BEGIN Collected material

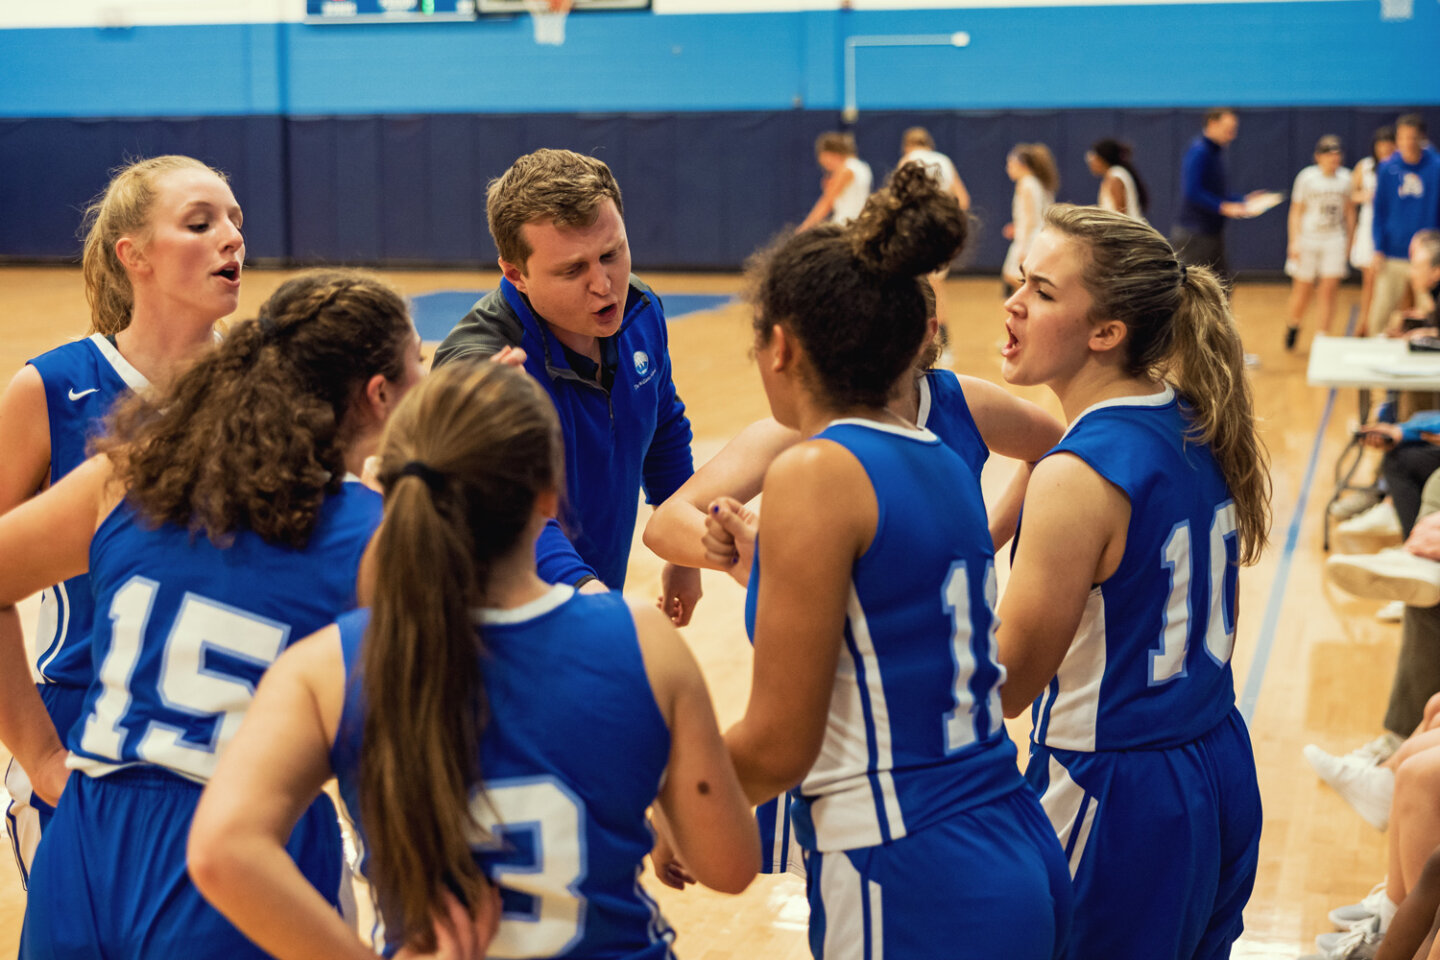 Girls basketball team huddles with coach during game
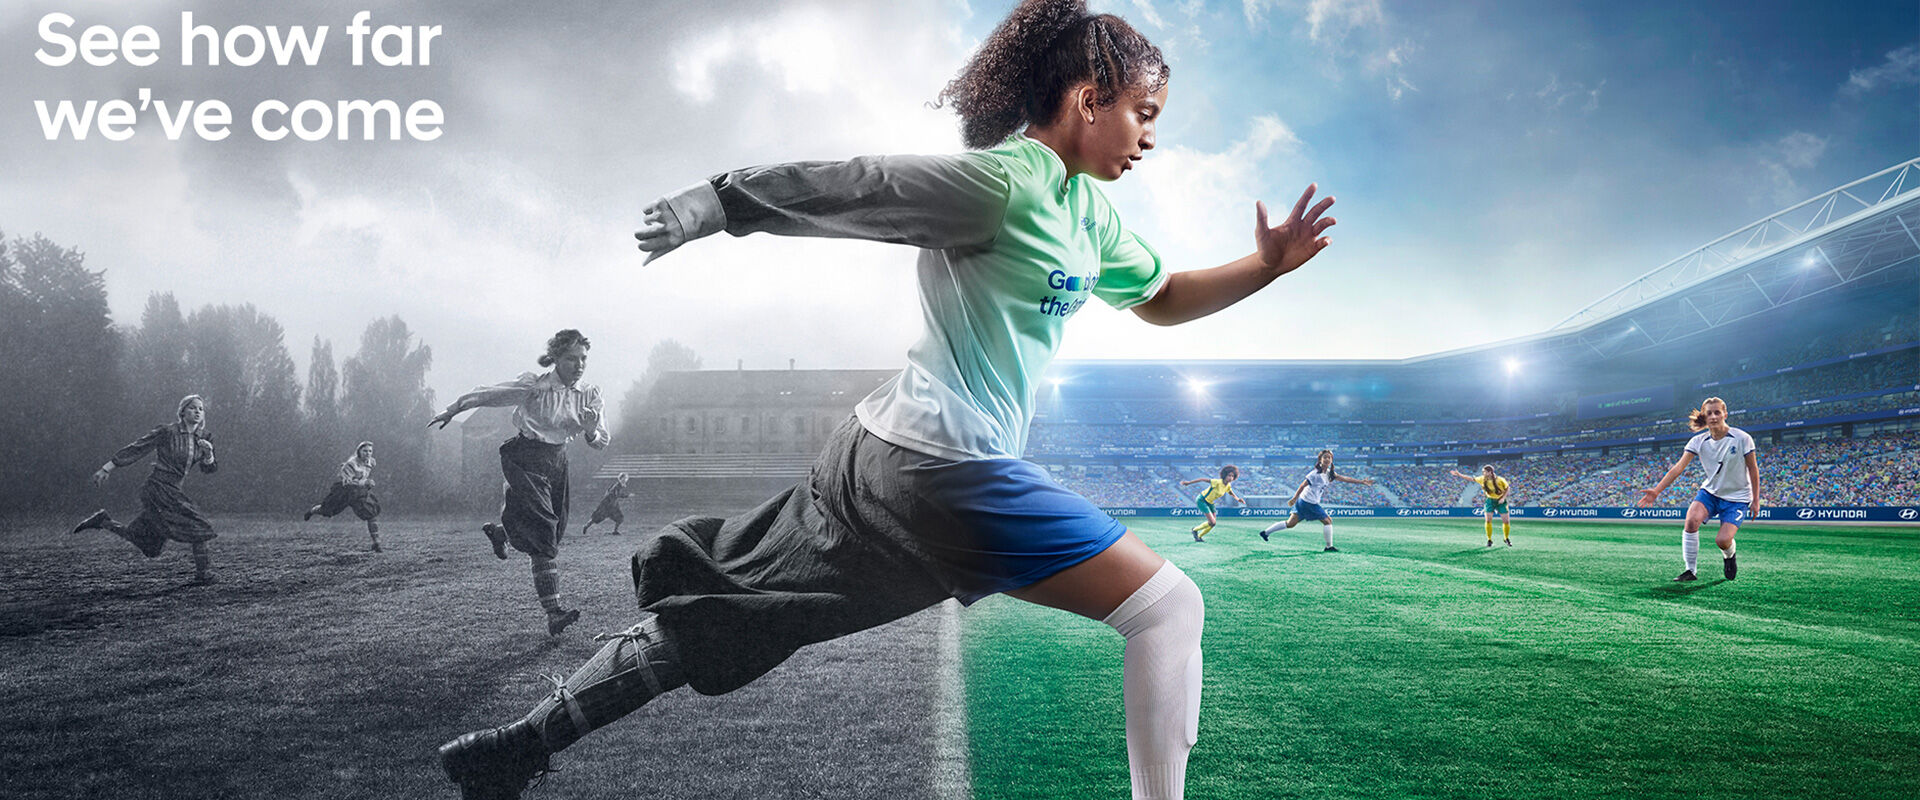 Hyundai Motor Expands ‘Goal of the Century’ Campaign to Focus on Inclusivity for FIFA Women’s World Cup 2023™
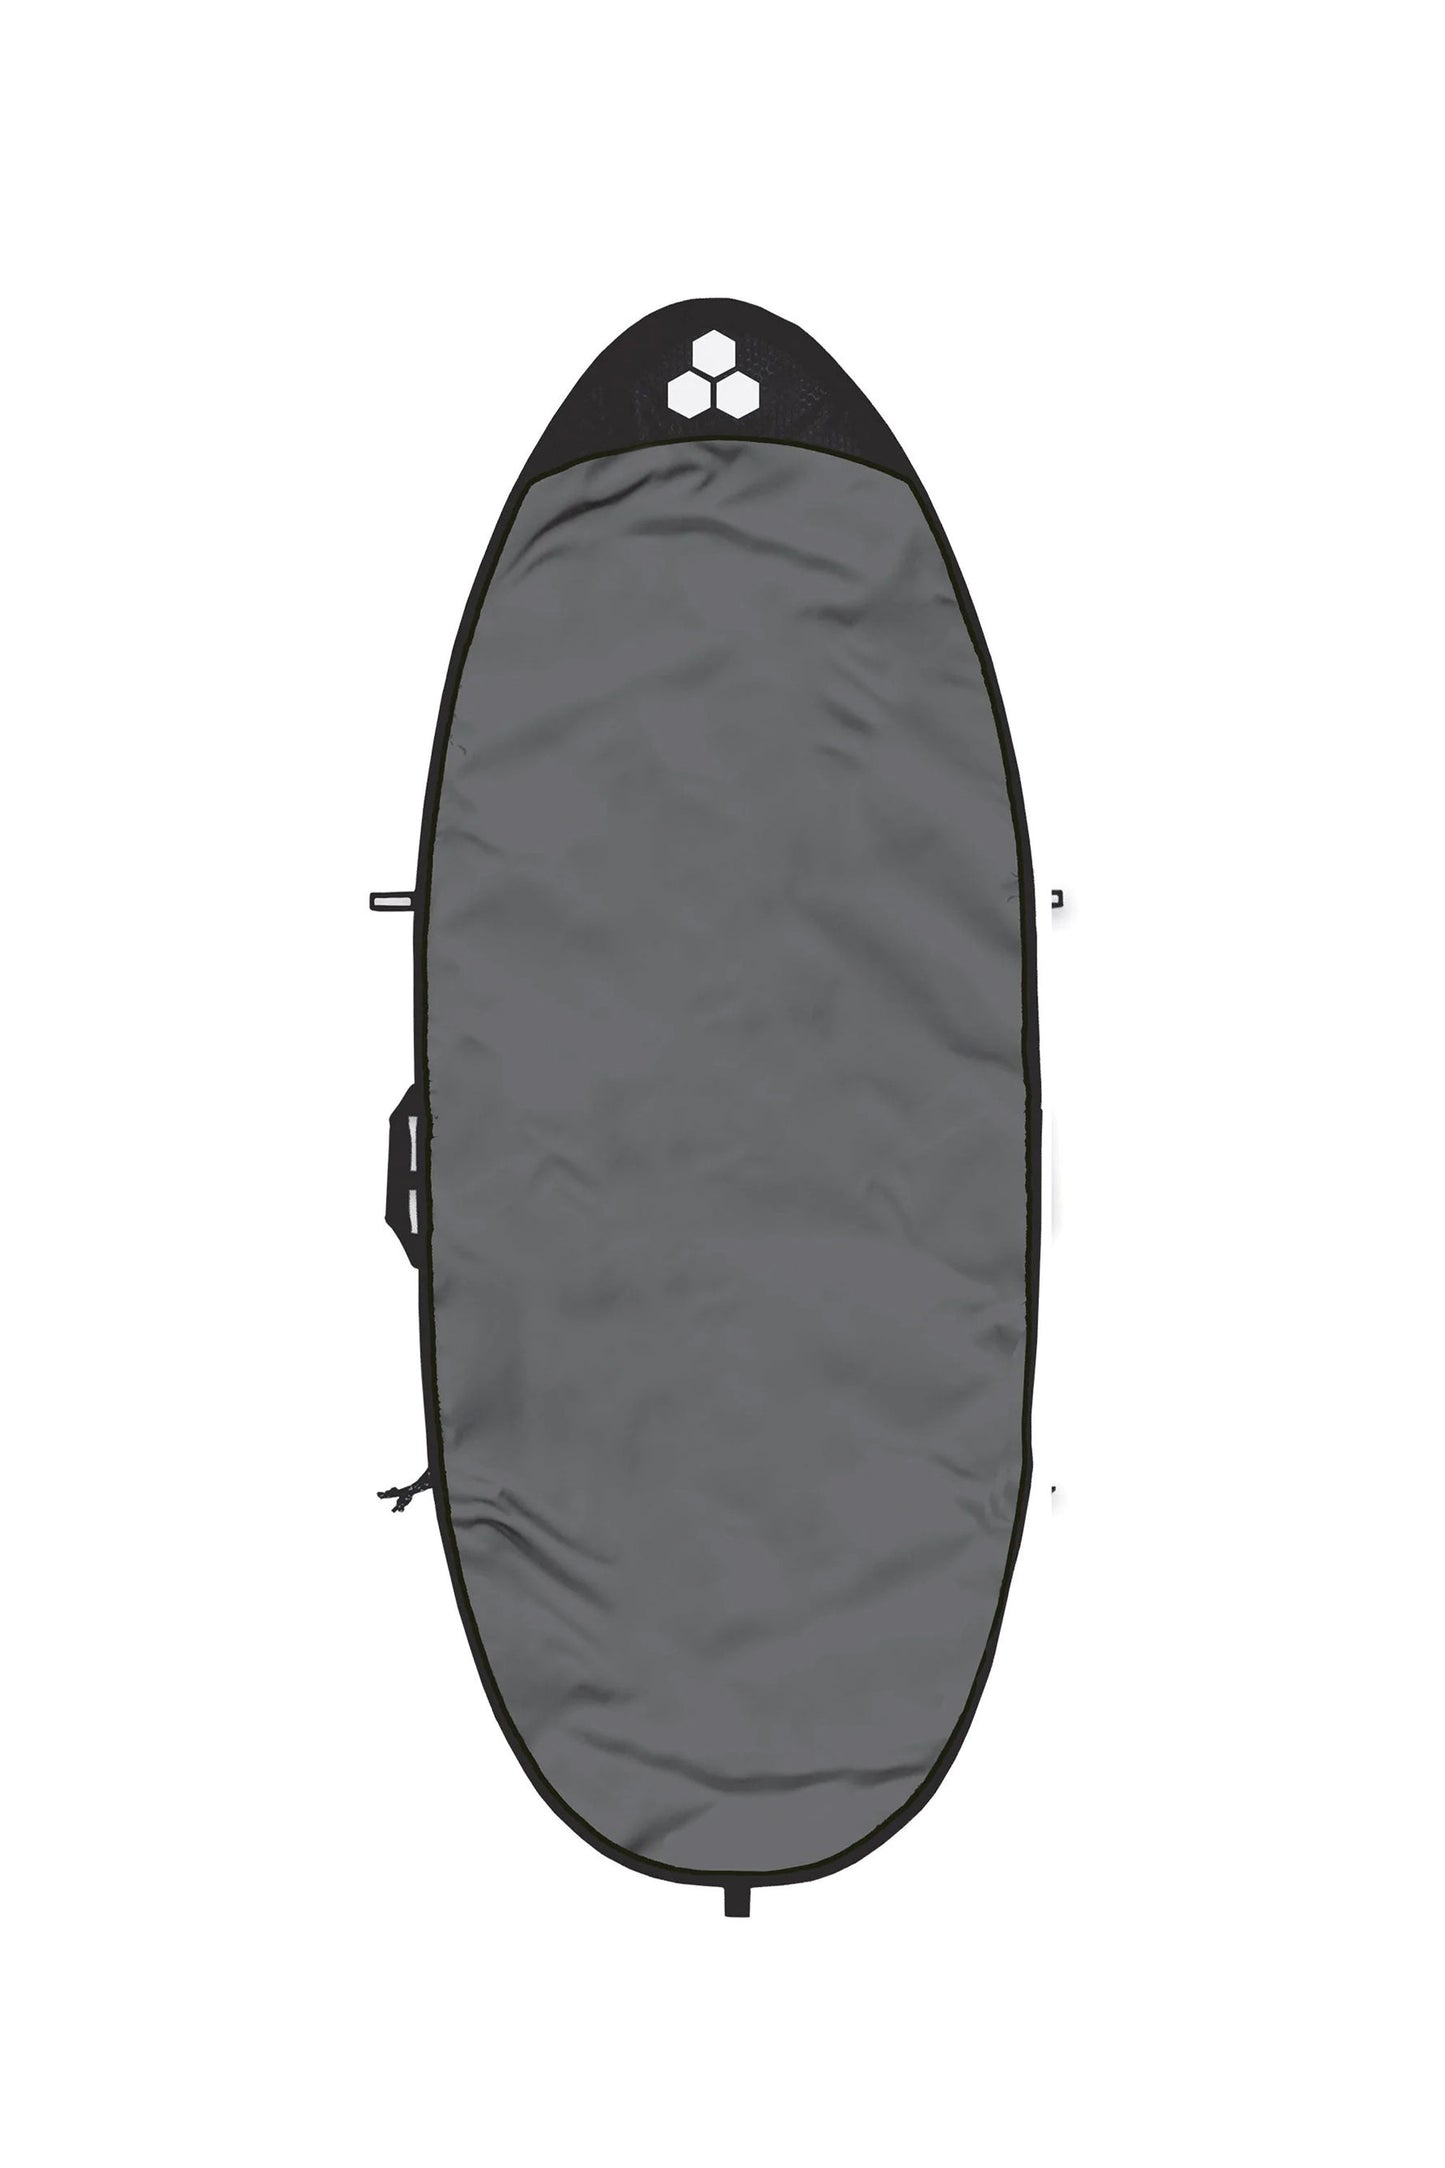     Pukas-Surf-Shop-channel-islands-surfboard-Feather-Lite-Specialty-Bag-7.2
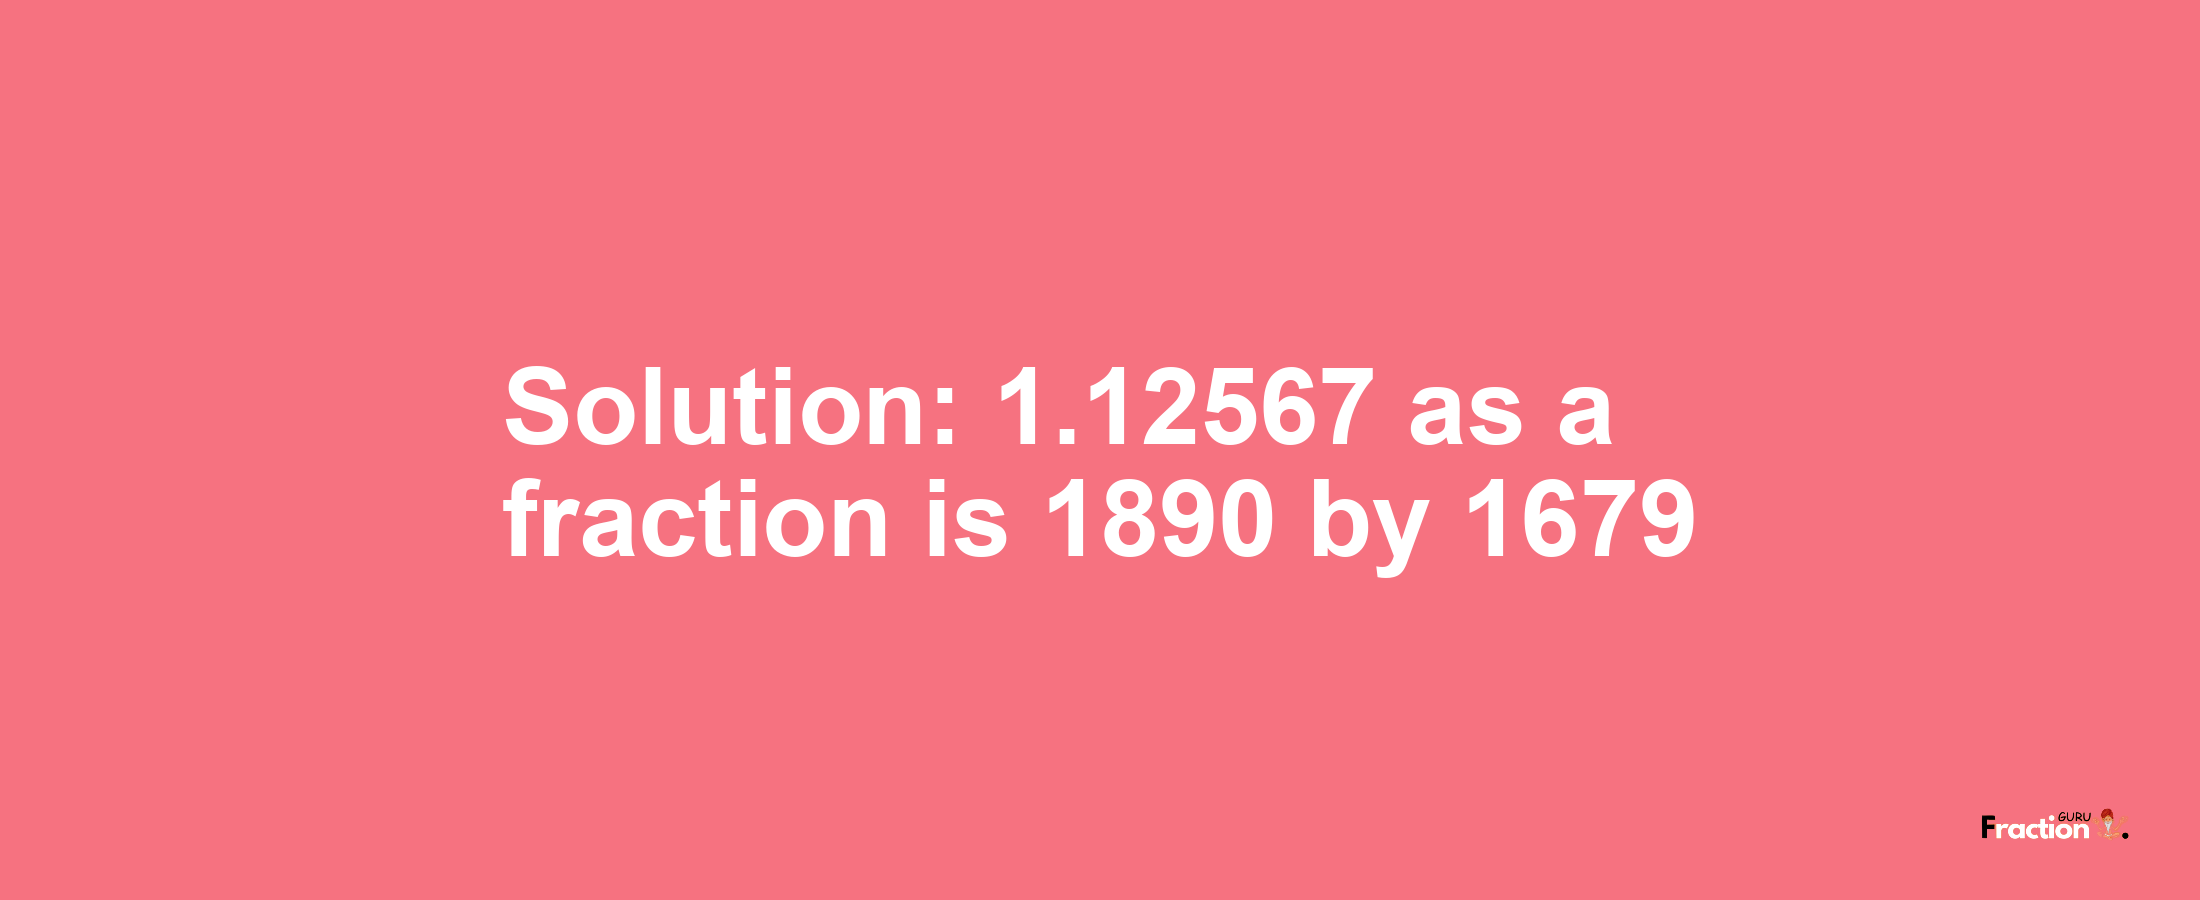 Solution:1.12567 as a fraction is 1890/1679

END Collected material

#### [Directions for this task]
Any images must be dropped; all other material is to be printed exactly.

#### [Result of the task]
 Girls basketball team huddles with coach during game
 Hyundai Motor Expands ‘Goal of the Century’ Campaign to Focus on Inclusivity for FIFA Women’s World Cup 2023™
     Pukas-Surf-Shop-channel-islands-surfboard-Feather-Lite-Specialty-Bag-7.2
 Solution:1.12567 as a fraction is 1890/1679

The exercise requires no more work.